GoROWE Blog | CultureRx

Judgment in the Workplace Lowers Autonomy and Divides the Workforce

Written by Jody Thompson | May 9, 2022 2:13:25 PM

A missed deadline. The full scope of a request was not fulfilled. The customer or client did not receive the deliverable.

Wow! Those are some harsh judgments.

The reality is they are not judgments. Those are performance issues.

“Nice of you to show up.”
“I can’t believe he gets to leave early every day.”
“Any time she needs off for her kid, she gets it. I wish I had a kid.”

Those are judgments. They are toxic comments directed at how someone is spending their time. They are not about the work. They are not forms of performance management. In fact, they are examples of SLUDGE.

This form of corrosive communication places the focus on the person - not the work. It normalizes judging how others spend their time instead of getting clear about what is needed and when is it needed in order to serve the customer or client. It lowers autonomy. It shames. It divides a workforce.

A true head-scratcher (or face to the wall) is that people’s use of time still gets judged even when they are high performers.

“You’re delivering on spec, on time, and on budget! But… you did come in late two days last week. We start at 9 a. m. around here.”

WHAT!?!?!?!?!?

In that scenario, employees become demotivated. Disengaged. Resentful. The focus is on someone’s use of time rather than the quality of the result. Once again, it lowers autonomy. Here’s the scoop, organizations do not own an employee’s time. Organizations own an employee’s results.

 

The Autonomy Guide Every Bold Leader Needs

For organizations to succeed, leaders must create a culture of equity + autonomy.

 

When judgment of how people spend their time is tolerated, morale suffers. However, you probably won’t be surprised to discover that outcomes are also adversely affected. When people are acting like clock watchers, hall monitors, and excuse examiners, the focus is not on… wait for it…

THE WORK!

This deepens the separation between the culture and trust, autonomy, clarity, accountability… measurable results.

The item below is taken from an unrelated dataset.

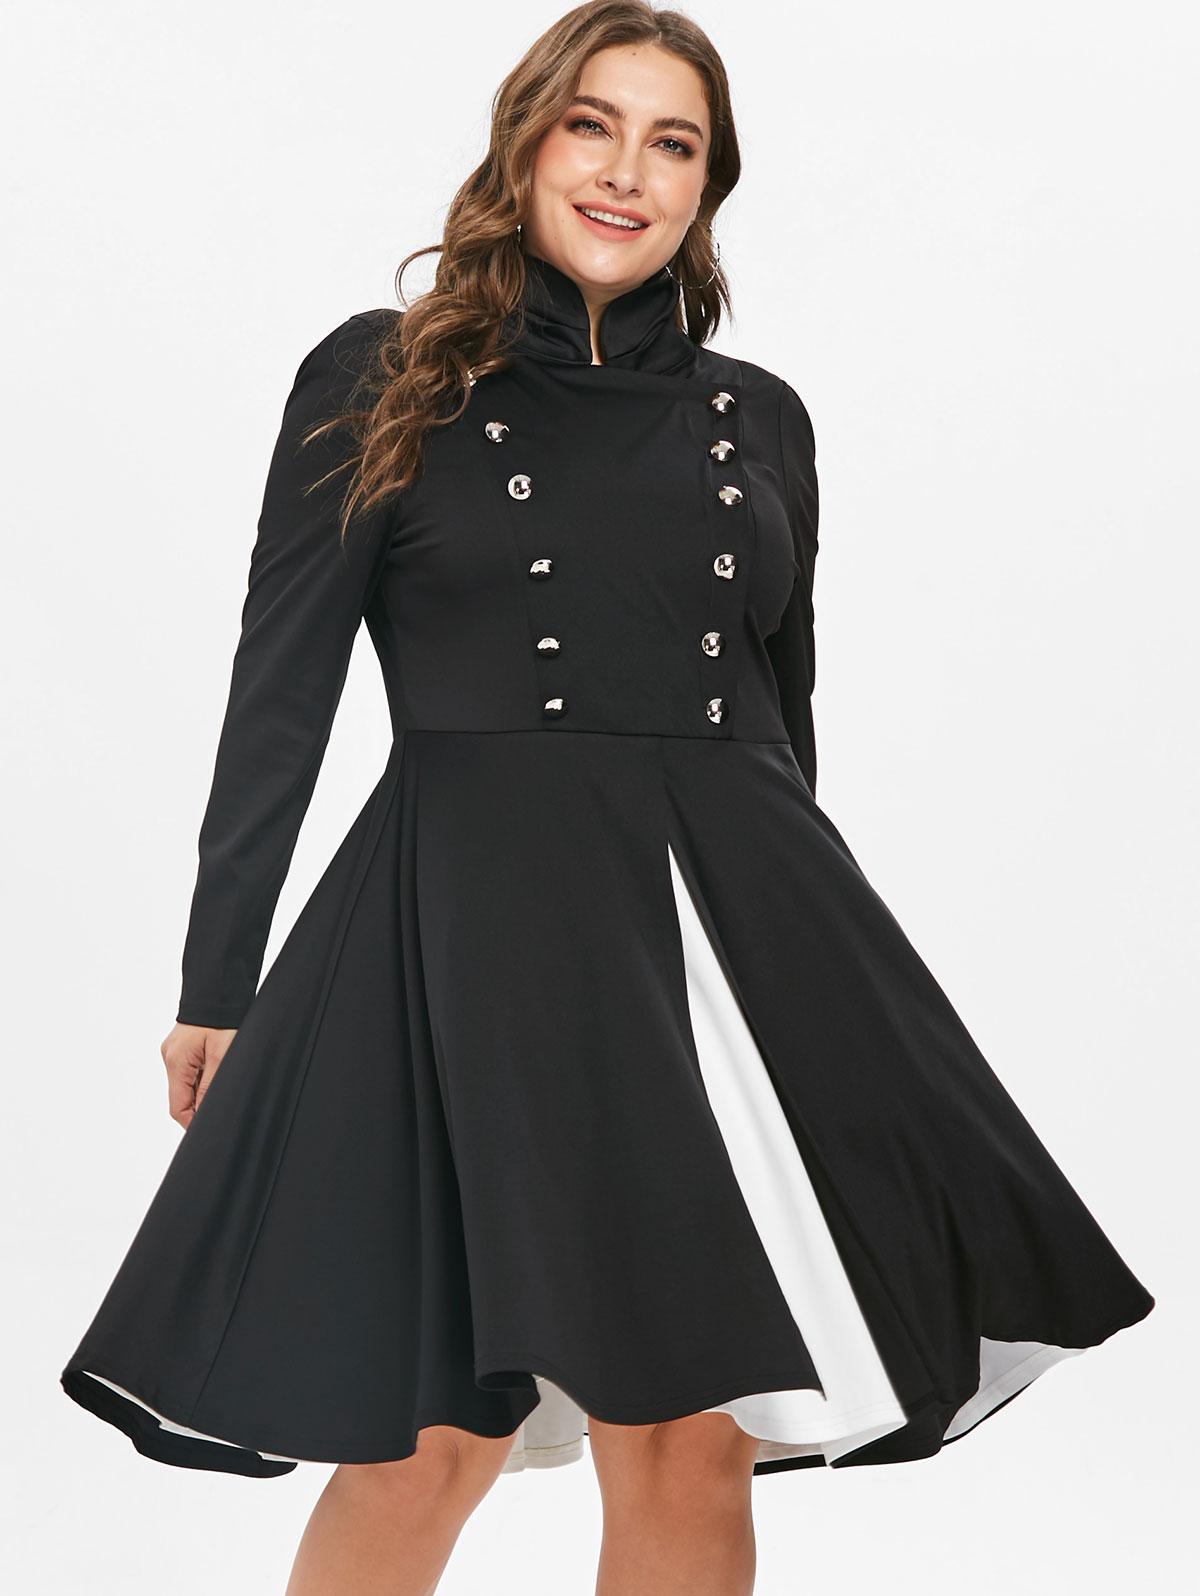 f81c17310e4 Cheap Black Tight Dresses Off Shoulder Best Black Evening Tops Plus Size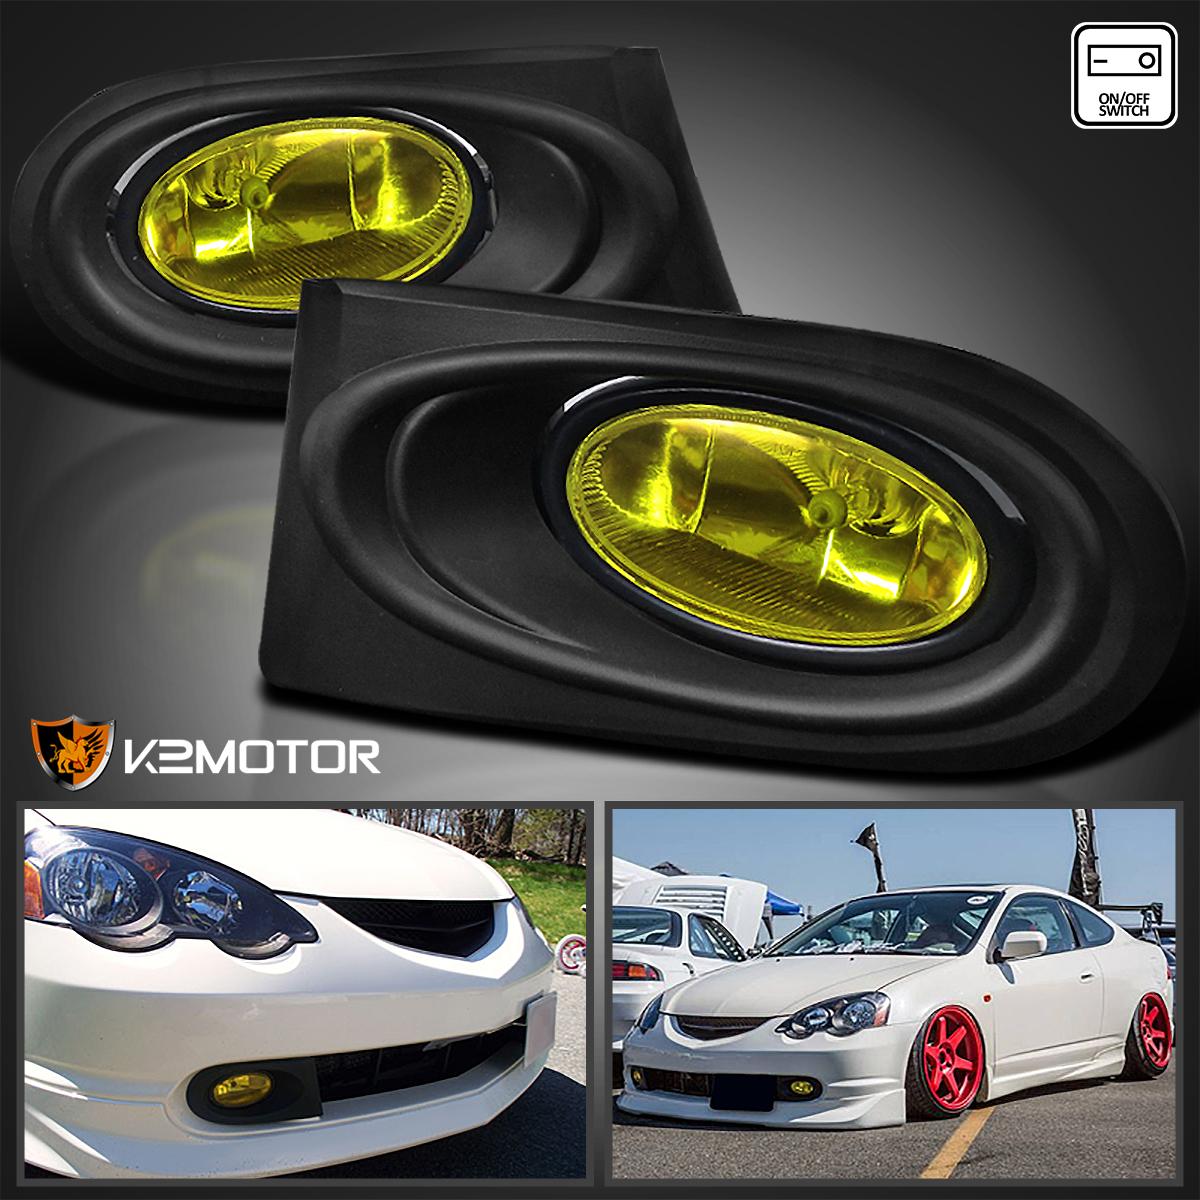 02-04 Acura RSX Black LED Halo Projector Headlights+Yellow

Trusting people to live their lives, which includes work, liberates them to have more control over mastery, focus, time management, and what’s important at any given moment. It also strengthens alignment between their role’s purpose and connection to delivering success for the organization.

How someone spends their time is nobody’s business. The results a person is tasked with delivering are everyone’s business. Forced fun or a mandatory meeting in the break room or a Zoom room are beliefs motivated by a judgment. People, when trusted, communicate and collaborate when needed. People negotiate and focus on results. It’s done objectively and with the customer or client at the center of it all. Judging how people spend their time is not trust nor does it have anything to do with accountability.

Where there is judgment, there is no trust.